Четыре комнаты третьего этажа – наполнены: галстуками, перчатками, женскими туфлями, вращающимся зеркалом Ренэ и шумной улыбкой Армана. М-r Арман моряк: каждый день спорит с братьями, – он хочет убить шпика.
– Он не имеет права жить с порядочными людьми. – Братья отговаривают. Он соглашается: ну, хорошо.
В три часа дня возвращается Бланш:
– Губы негров, негритянок. Нет, они не выдерживают критики. Ведь можно проглотить губы? История любви пишется на губах: это прекрасно. Это лучше любой бумаги.
– Губы – это тавро характера: посмотрите на узкие губы монахинь: это дневник без содержания, тетрадка с белыми листами; губы шулеров сделаны из железа; губы проституток из резины.
– Приходите вечером, сейчас не мешайте. Я погружаюсь в работу.
– Не утоните.
Часов в десять вечера появляется веселая девушка Марго.
– Ни одного клиента сегодня вечером, Серж, понимаешь, мой мальчик.
Сережа понимает.
Через полчаса Марго возвращается. На буксире: клиент. Котелок клиента съехал на затылок.

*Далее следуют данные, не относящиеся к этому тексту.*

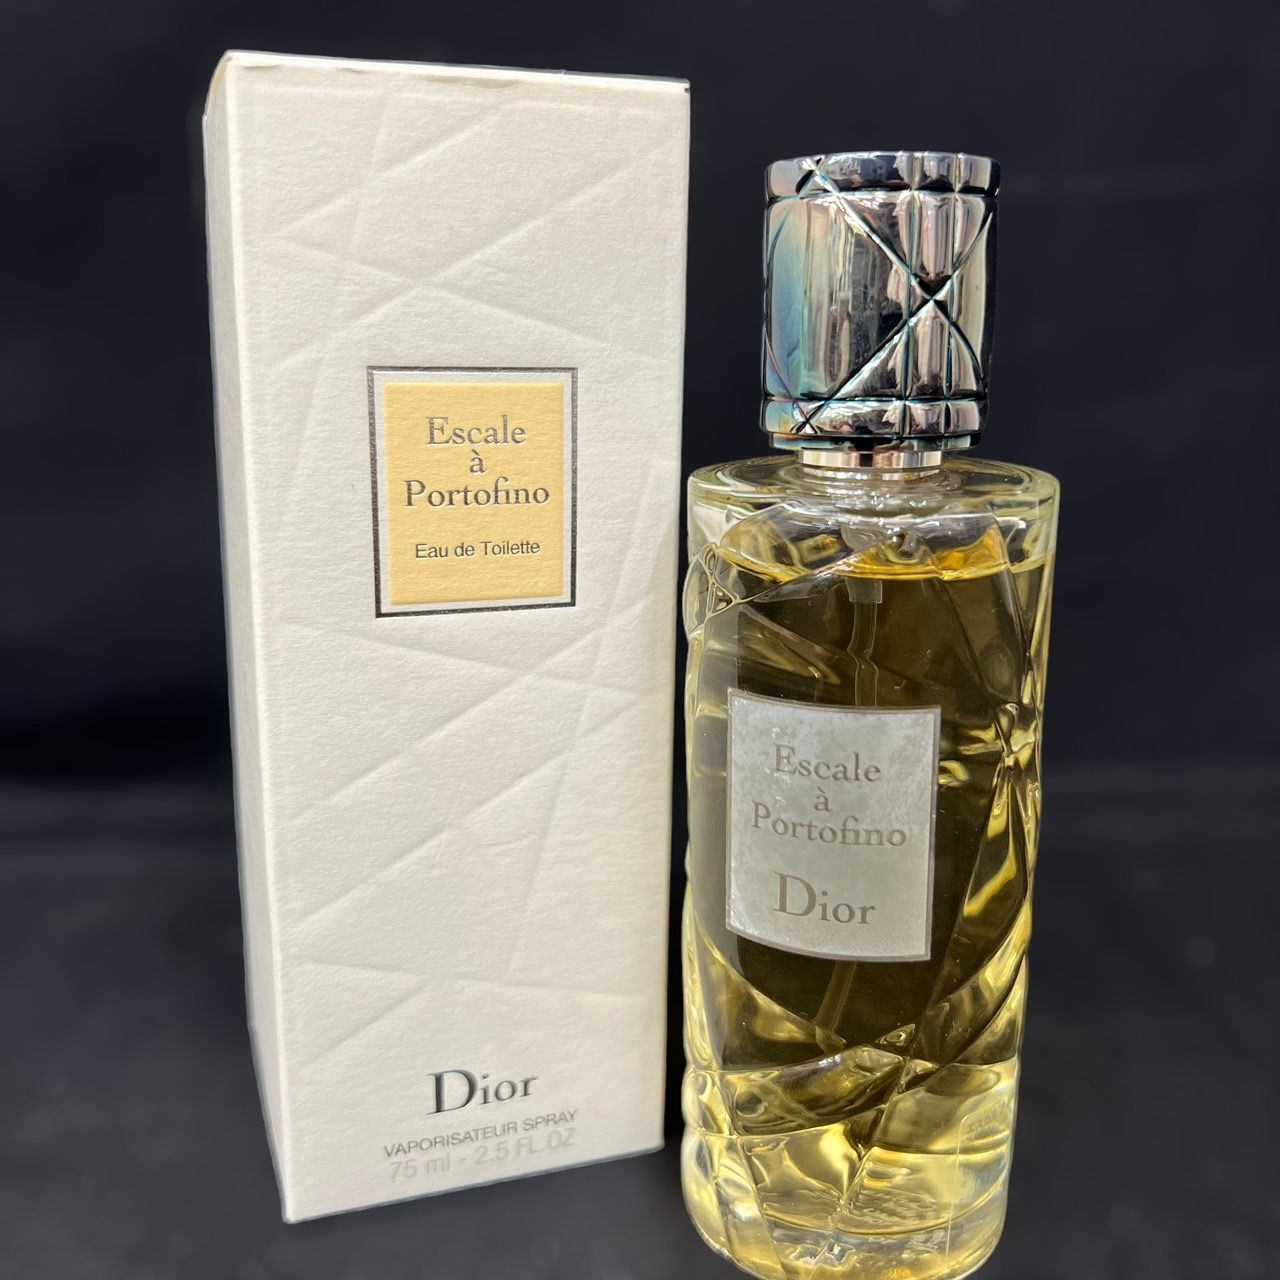 Christian Dior クリスチャンディオール Escale a portofino エスカル ア ポルトフィーノ EDT オードトワレ  75ml 残量約9.5割 香水

Воротник пальто подвернут. Он говорит – да – и больше ничего.
– 30 франков, комната № 2.
– Да.
– Из чего сделаны губы американцев, Бланш?
– Из свиной кожи.
– Значит: губы из резины и губы из свиной кожи?
– Да, мой дорогой.
2. Кровь крестоносцев
Раз в сутки в Париже бывает вечер. Он появляется, окруженный красными огнями задних фонарей на автомобилях, сопровождаемый громовым оркестром висячих и светлых шаров. Вечером они зажигаются и шипят. Вечером гостиница грядущего триумфально открыла двери перед человеком, пришедшим снимать комнату на пятом этаже.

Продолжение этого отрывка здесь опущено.